GIVEN DATA>
= = = =

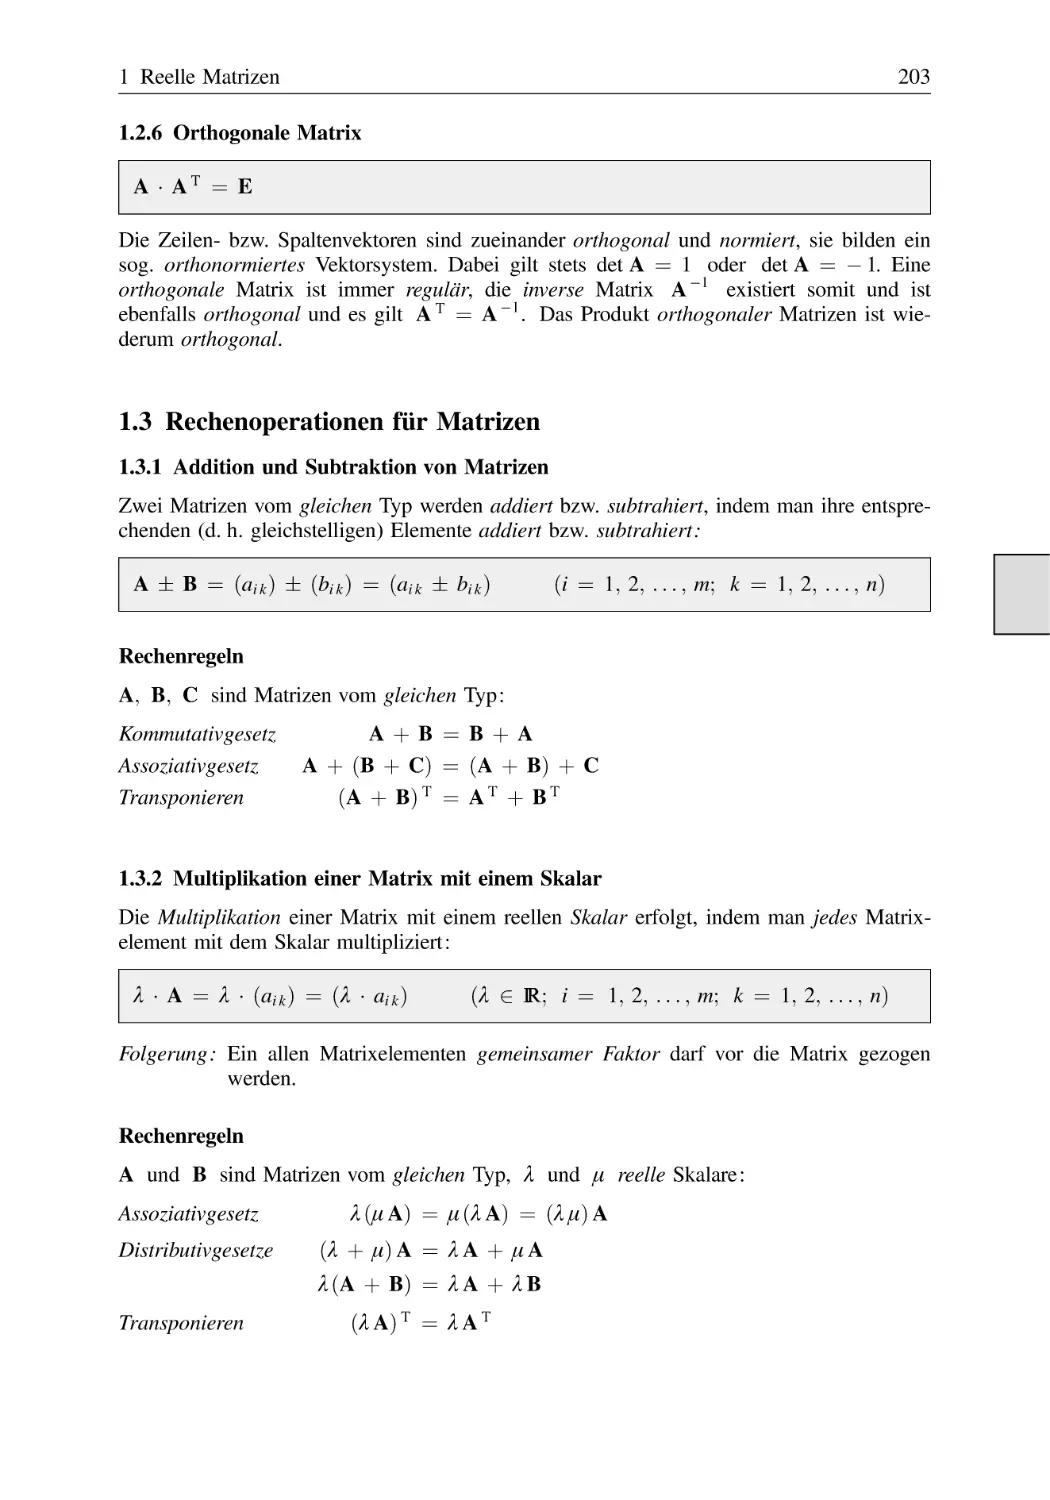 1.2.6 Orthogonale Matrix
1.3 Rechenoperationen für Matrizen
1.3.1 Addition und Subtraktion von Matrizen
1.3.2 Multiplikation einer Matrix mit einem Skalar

= = = =

Copying begins at the line that holds "1.3 Rechenoperationen für Matrizen" and ends at the last line of the data above, with both included and each line kept exactly.

OUTPUT BELOW>
1.3 Rechenoperationen für Matrizen
1.3.1 Addition und Subtraktion von Matrizen
1.3.2 Multiplikation einer Matrix mit einem Skalar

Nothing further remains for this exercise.